She was co-founder, curator and host of the Rhapsodomancy Reading Series, which began at the Good Luck Bar in Los Angeles in 2004 and continued through 2015. Ortiz was a Writer-in-Residence at Hedgebrook in 2007 and 2009. In 2015 she adapted a short play from her essay "Spell" in collaboration with and directed by Meera Menon for One Axe Productions. In Spring 2018, she served as visiting writer of creative nonfiction in the MFA Program at CalArts. Wendy is a psychotherapist in private practice.

Works 

Ortiz is the author of three books: Excavation: A Memoir, (Future Tense Books, 2014) Hollywood Notebook (Writ Large Press, 2015), and Bruja (Civil Coping Mechanisms, 2016). A second edition of Hollywood Notebook will be published by CCM and WritLarge Press in 2018.

Critical Reception 

Amy Sachs at Bustle named Excavation: A Memoir one of  "11 Groundbreaking Books About Women Making History With Their Thinking, Activism, And Courage" and JoAnna Novak at Bustle calls Ortiz, one of "9 Women Writers Who Are Breaking New Nonfiction Territory."

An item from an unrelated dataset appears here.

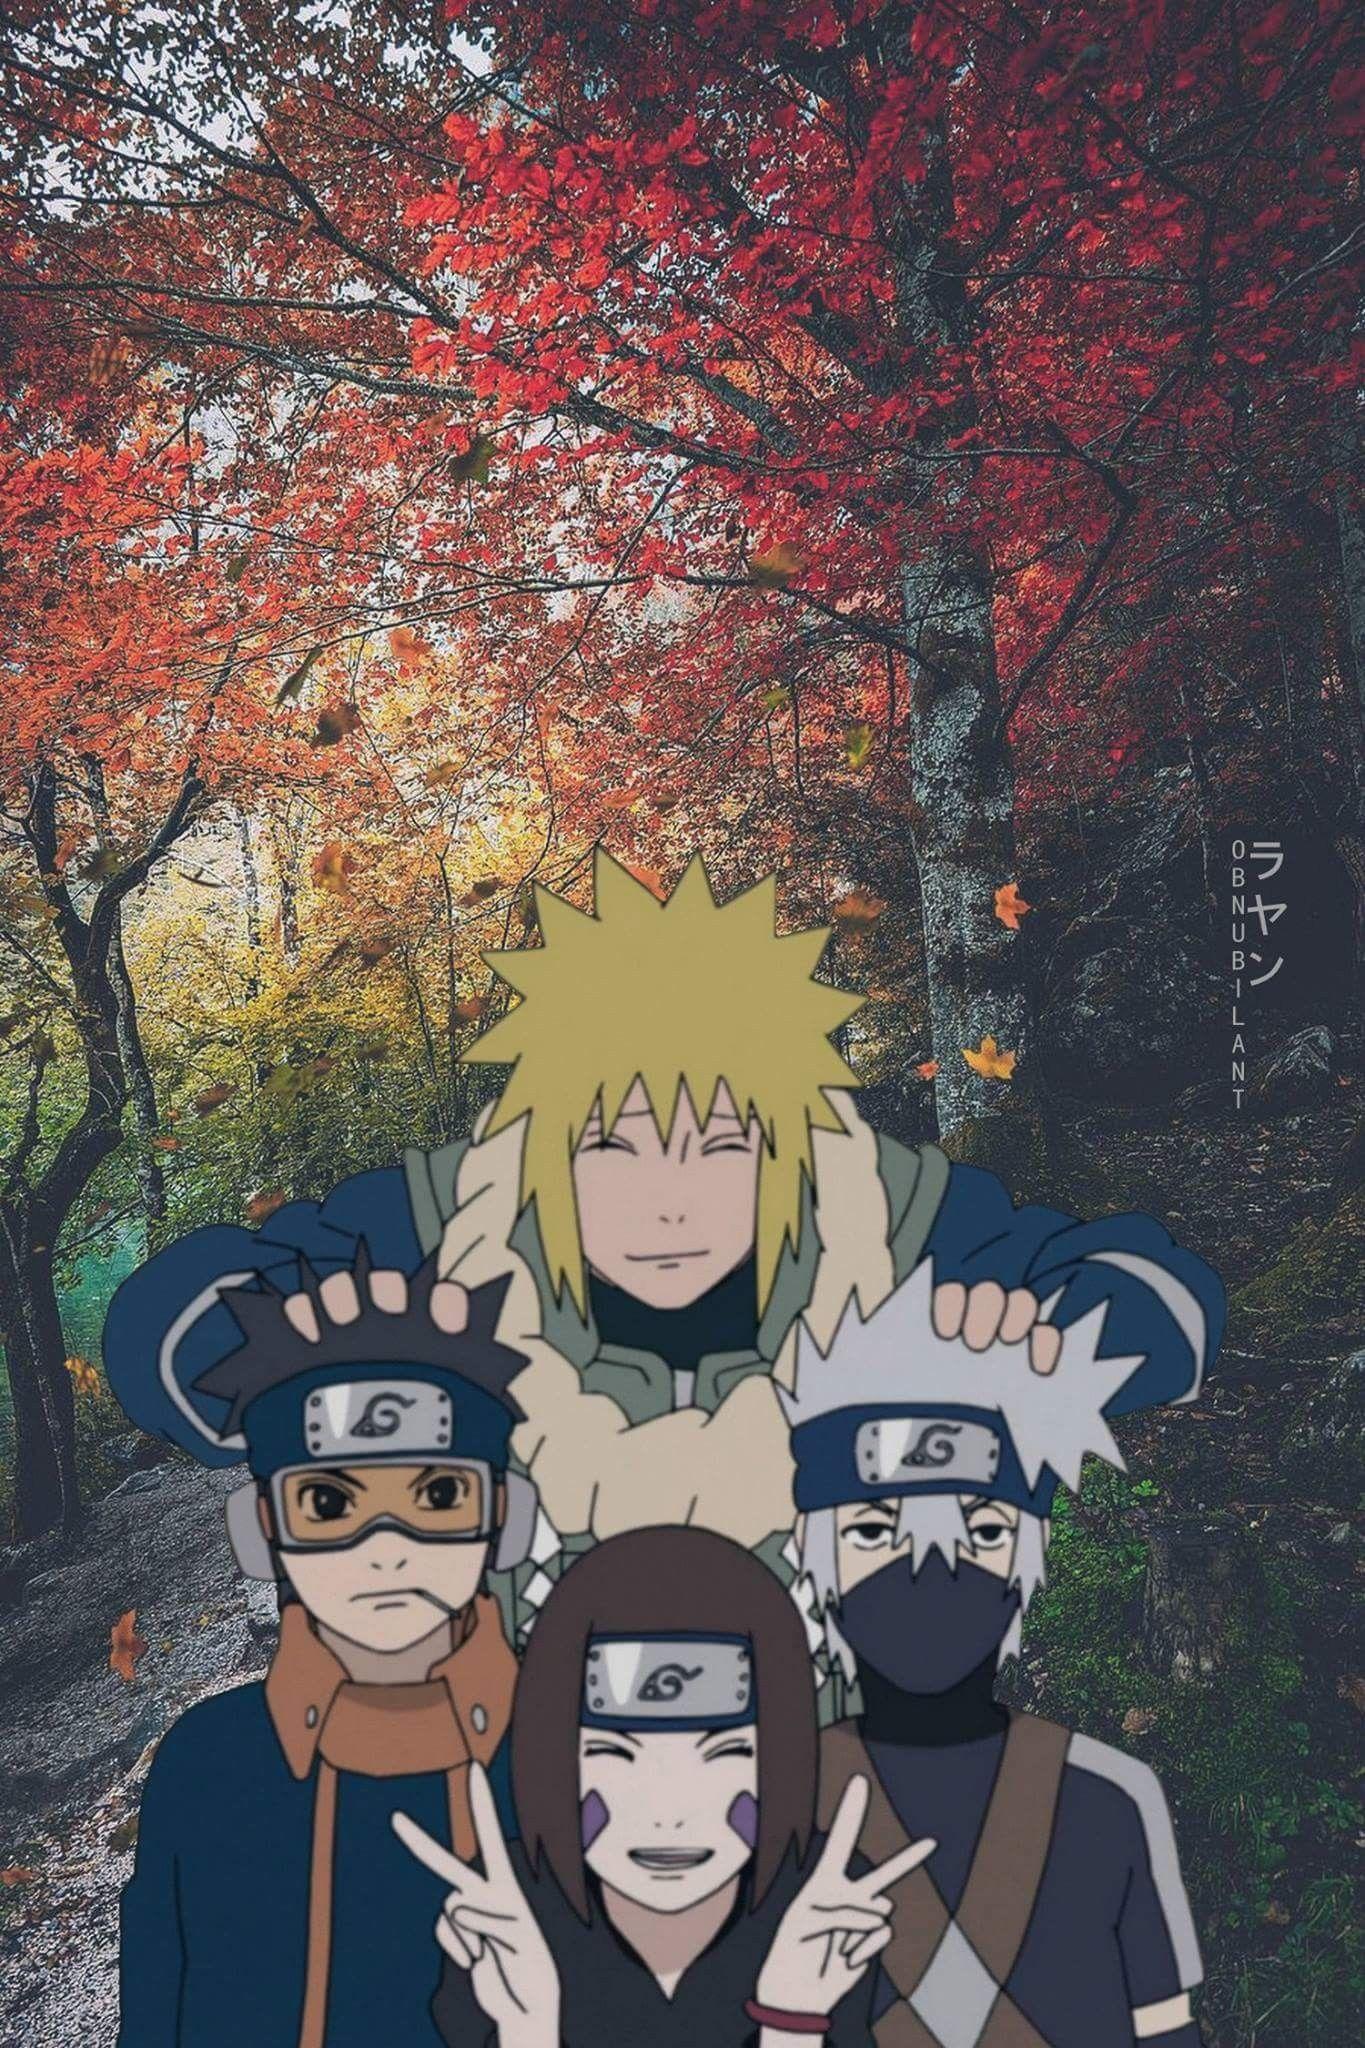 Minato Obito Rin And Kakashi Personnages Naruto Manga Naruto Kakashi Naruto

Of her books Excavation and Hollywood Notebook, Lesley Heiser at The Rumpus wrote, "With her bold books, Ortiz defies society to ignore her, to resist her. But we're becoming more and more aware of her. Her dark blossoming is changing us."

Of Hollywood Notebook, Jeva Lange at Electric Literature said, "The entire project becomes nearly reminiscent of the self-musings of Maggie Nelson, if Nelson were consulting astrological charts rather than philosophy…Hollywood Notebook, then, is a sui generis gem, and one to take advantage of immediately."

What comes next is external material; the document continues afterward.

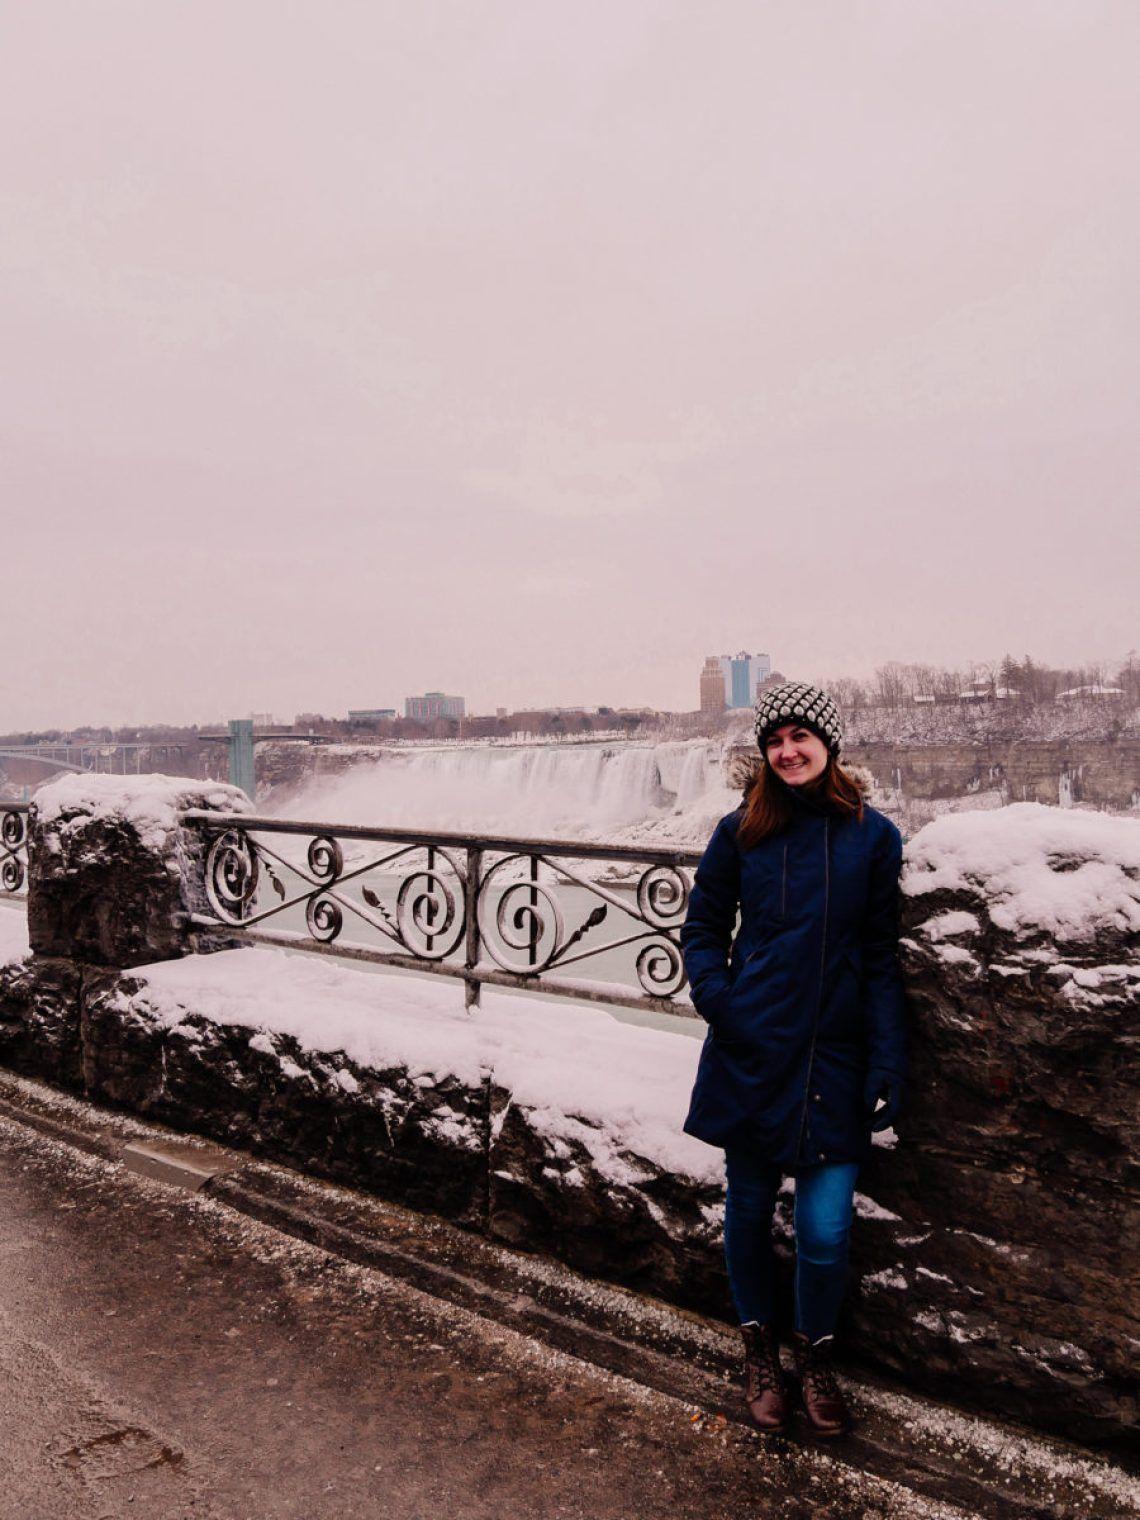 Niagara Falls In The Winter In 2020 Niagara Falls American

Ellie Robins at the Los Angeles Times called the prose in Bruja "spare and at times mesmerizing" and added, "Ortiz celebrates [the] dark side of the human mind, nowhere more so than in Bruja...It's testament to Ortiz's courage as a memoirist that she's willing to live for a while on this submarine plane, among the elements that dictate her fate — and to invite her readers along for the show."

The three books have appeared on a number of new books, best books, and other literary lists around the web. All three books are taught around the United States in various undergraduate and graduate creative writing programs.

My Dark Vanessa controversy 

On January 19, 2020, Ortiz helped generate a prepublicity firestorm over a then unpublished novel by Kate Elizabeth Russell titled My Dark Vanessa when she tweeted "can’t wait until February when a white woman’s book of fiction that sounds very much like Excavation is lauded, stephen king’s stamp of approval is touted, etc,." Although Ortiz is described as having acknowledged that she had not read Russell's fictional work, she would write an essay in which she alleged the novel's 'eerie story similarities' to her memoir. Excavation: A Memoir and My Dark Vanessa share themes of intergenerational sexual abuse by a teacher, yet the Associated Press has reported that 'Reviewers who looked at both books saw no evidence of plagiarism.' Nevertheless, in response to social media comments, and in the wake of the controversy over American Dirt, Oprah Winfrey, who had originally tapped My Dark Vanessa as a selection for her influential Book Club, rescinded the selection.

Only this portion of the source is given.